STORED DATA:
↓
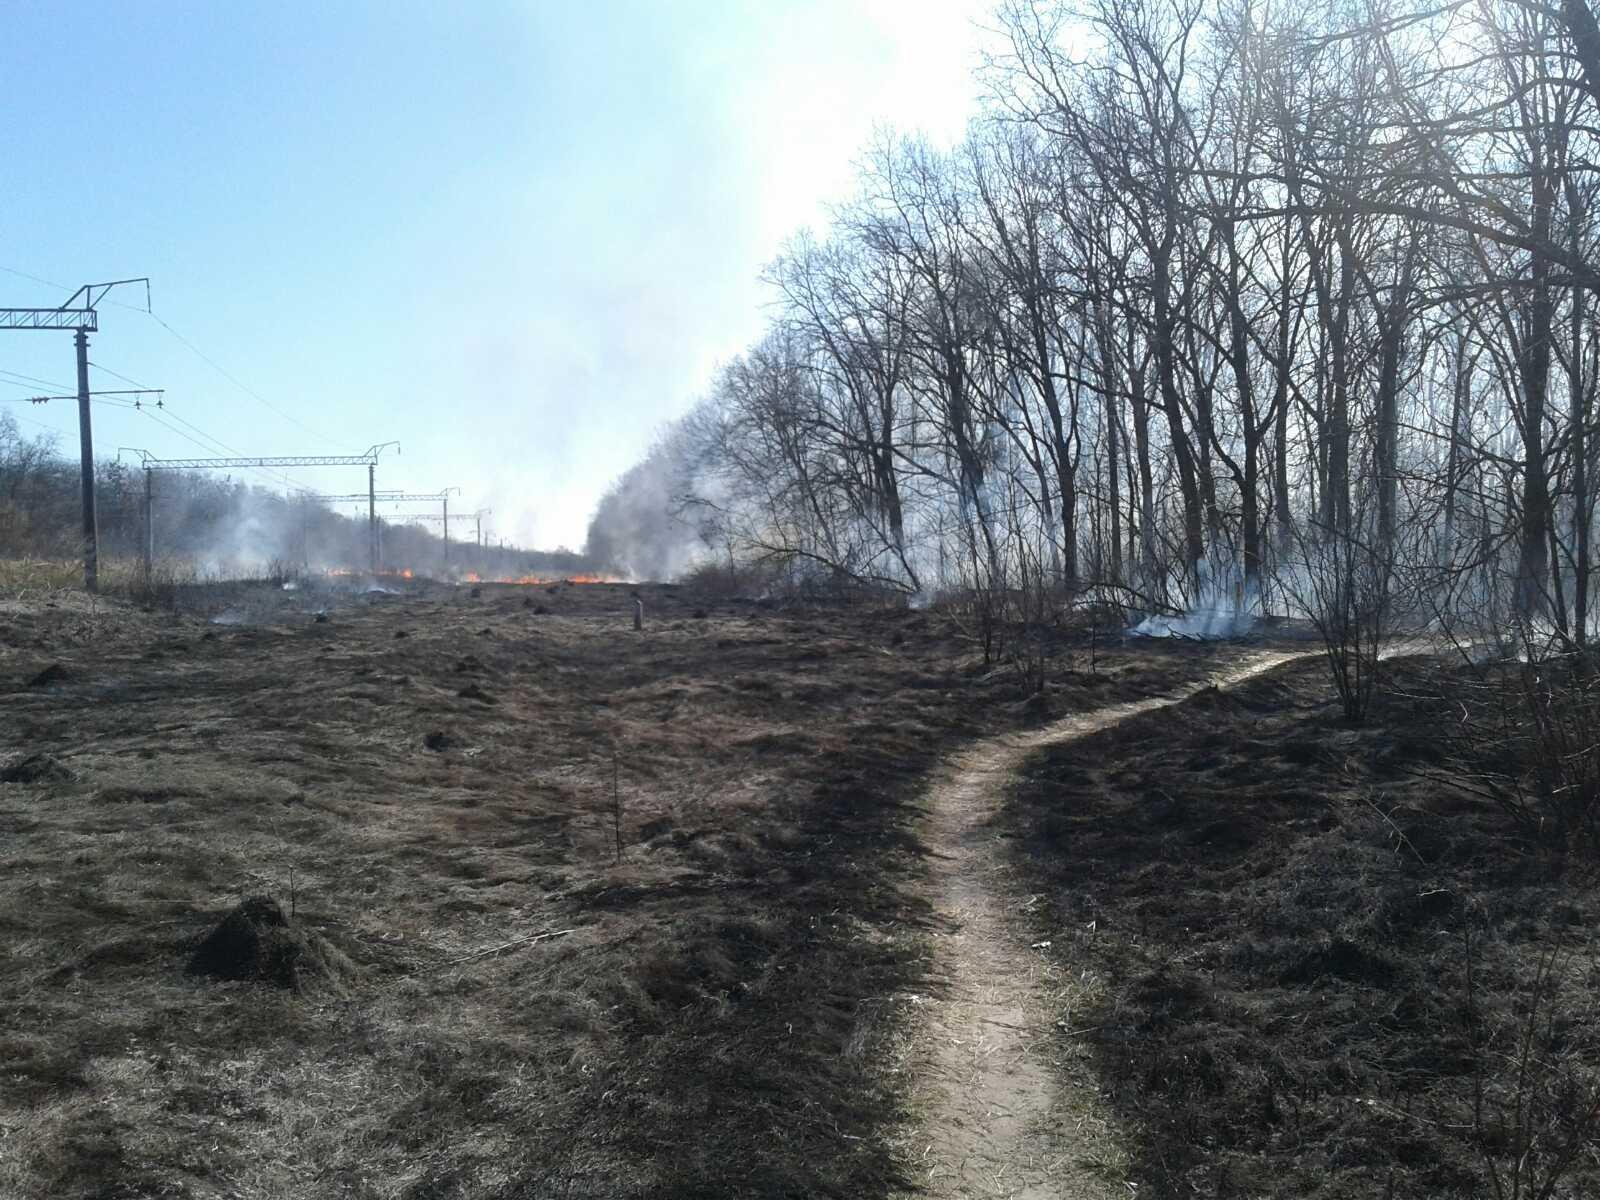 Білоцерківщина у вогні: рятувальники 4 рази протягом доби гасили пожежі у природних екосистемах - пожежі, ДСНС, Біла Церква - 13 viber
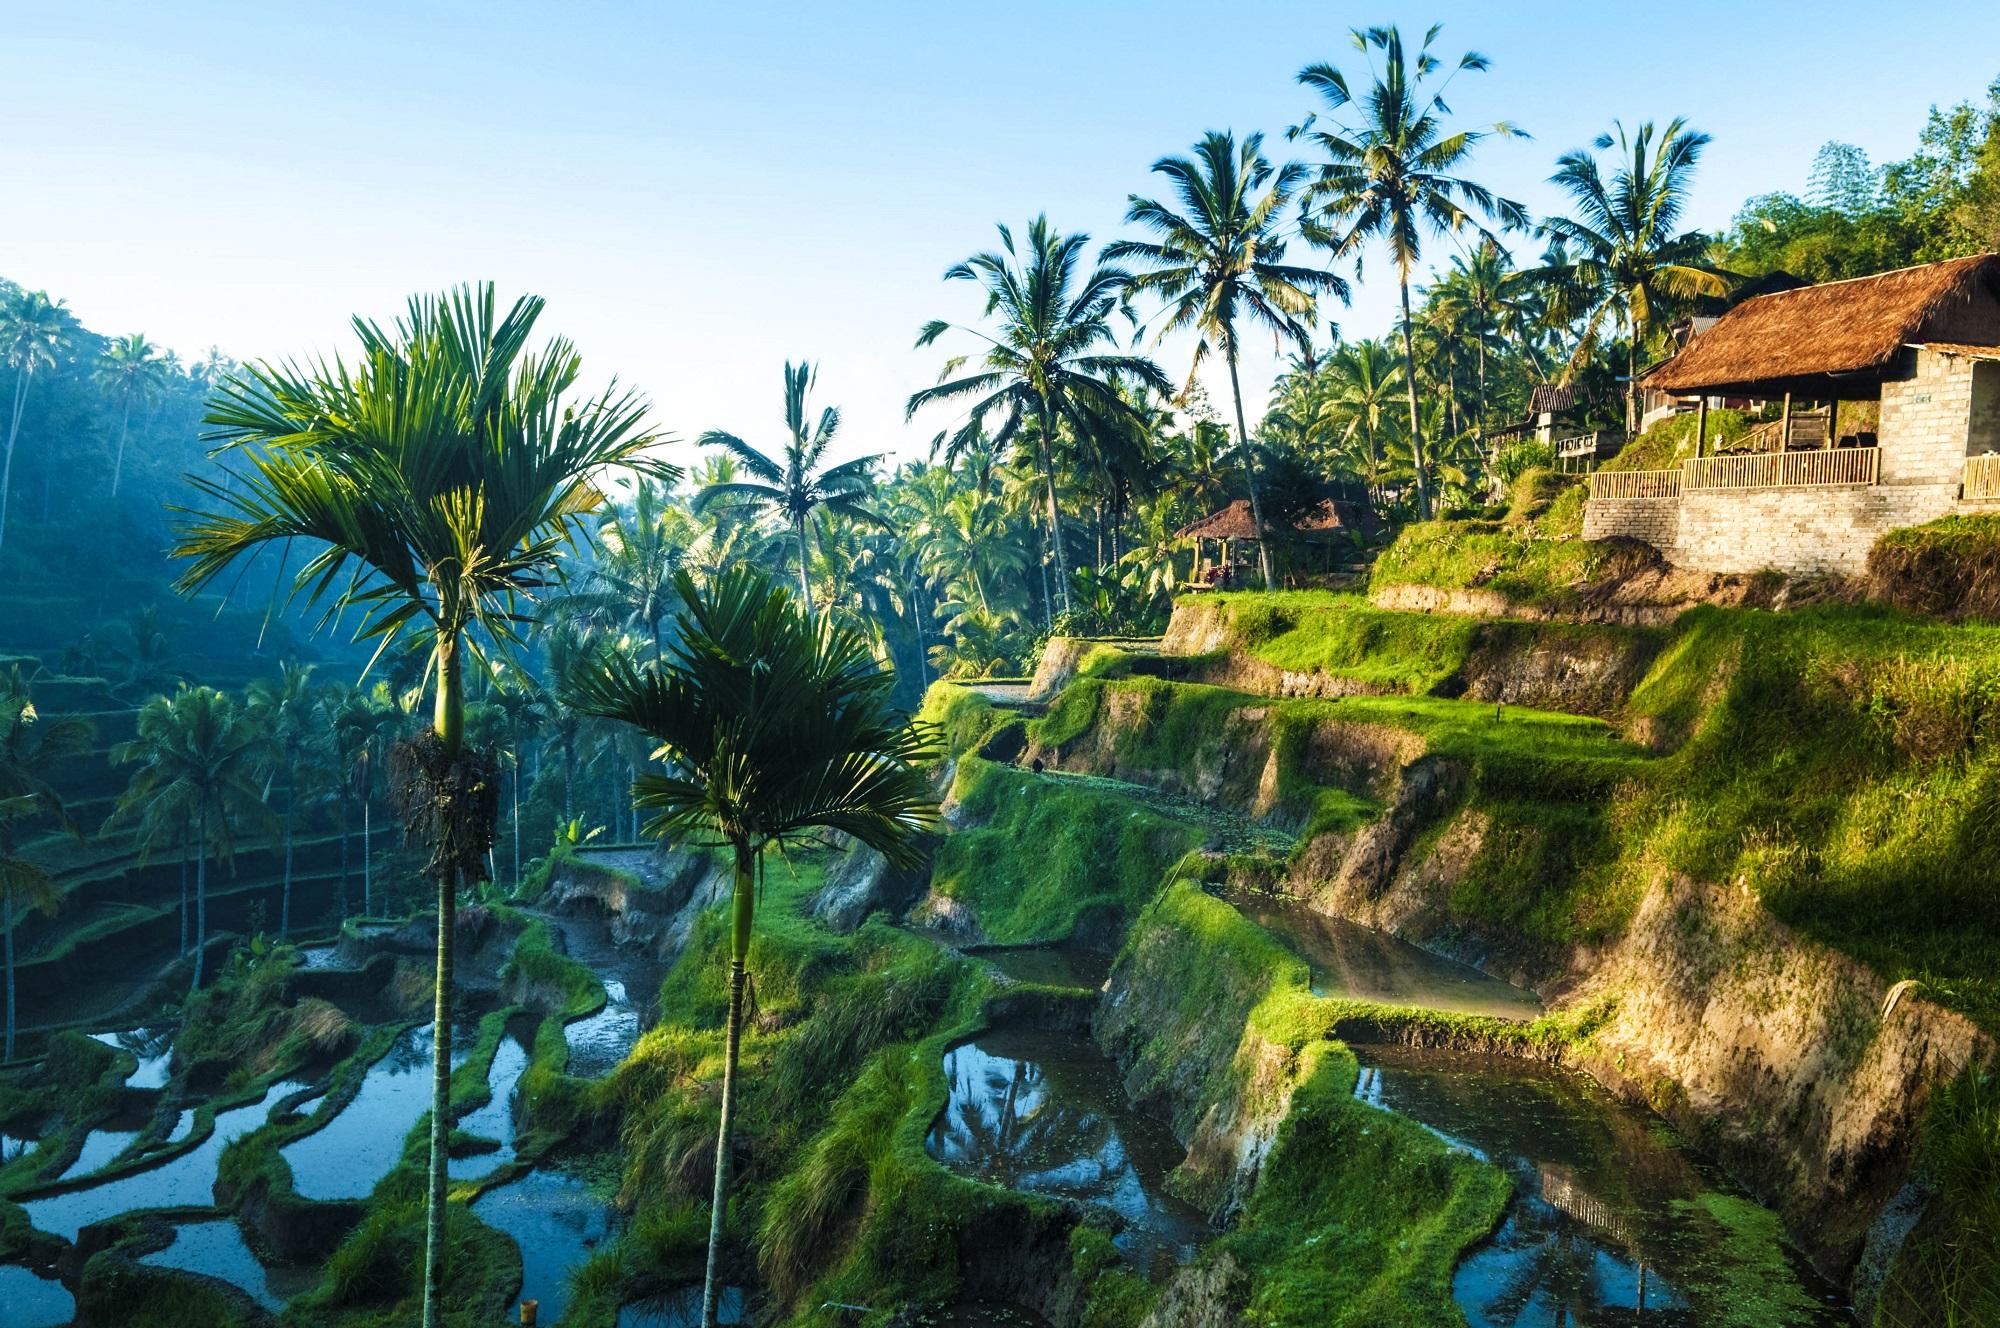 Bali tipps alle artikel auf einen blick Top 10 places to go on vacation
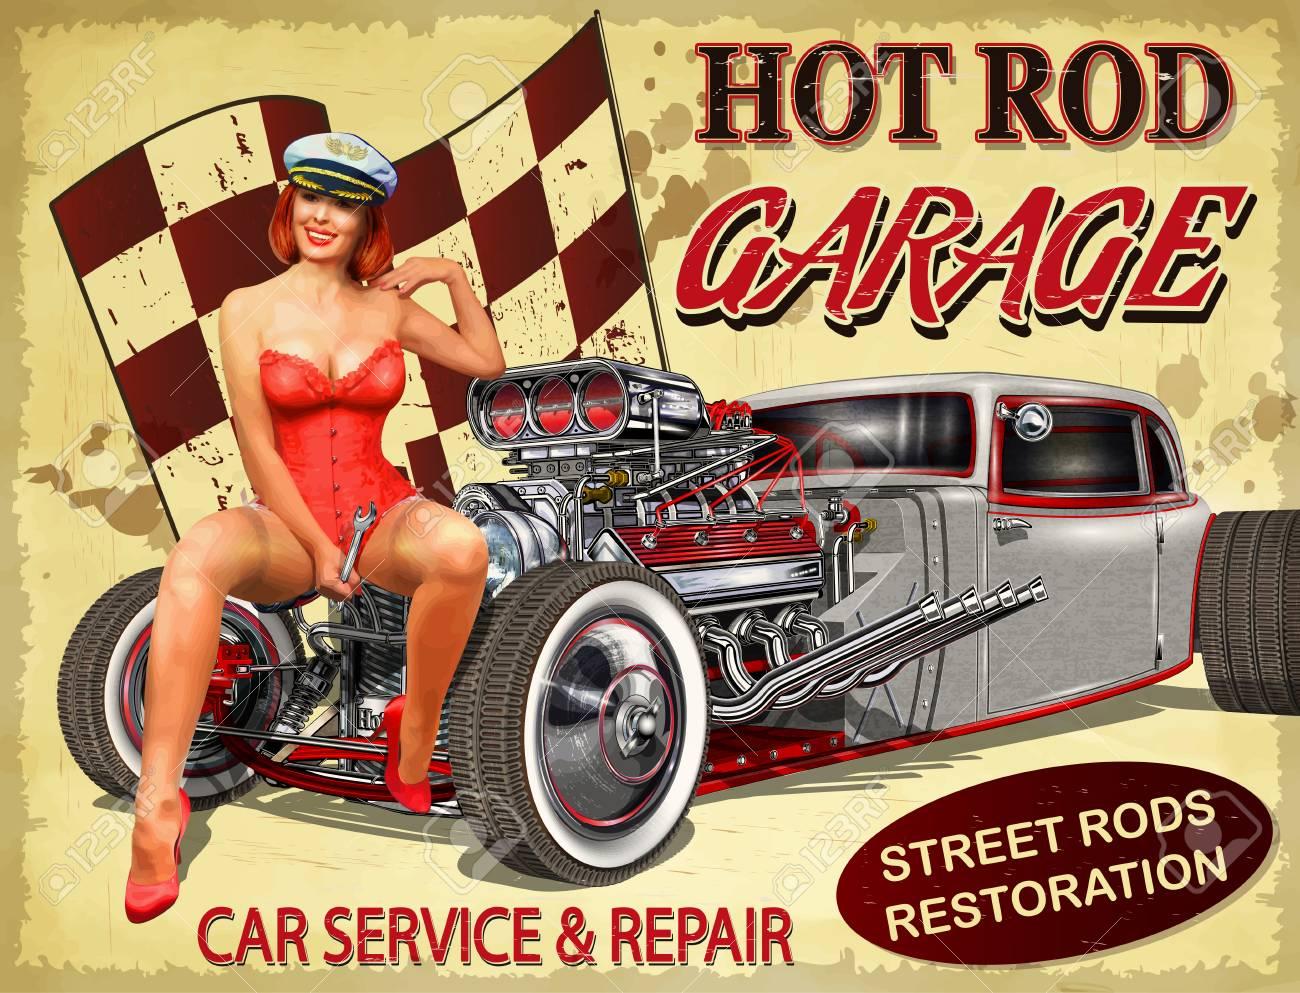 Vintage Hot Rod garage poster. - 95444950
↑
WORK INSTRUCTIONS: Exactly as written, restate the listing above with its pictures omitted.

FINISHED EXERCISE:
 Білоцерківщина у вогні: рятувальники 4 рази протягом доби гасили пожежі у природних екосистемах - пожежі, ДСНС, Біла Церква - 13 viber
 Bali tipps alle artikel auf einen blick Top 10 places to go on vacation
 Vintage Hot Rod garage poster. - 95444950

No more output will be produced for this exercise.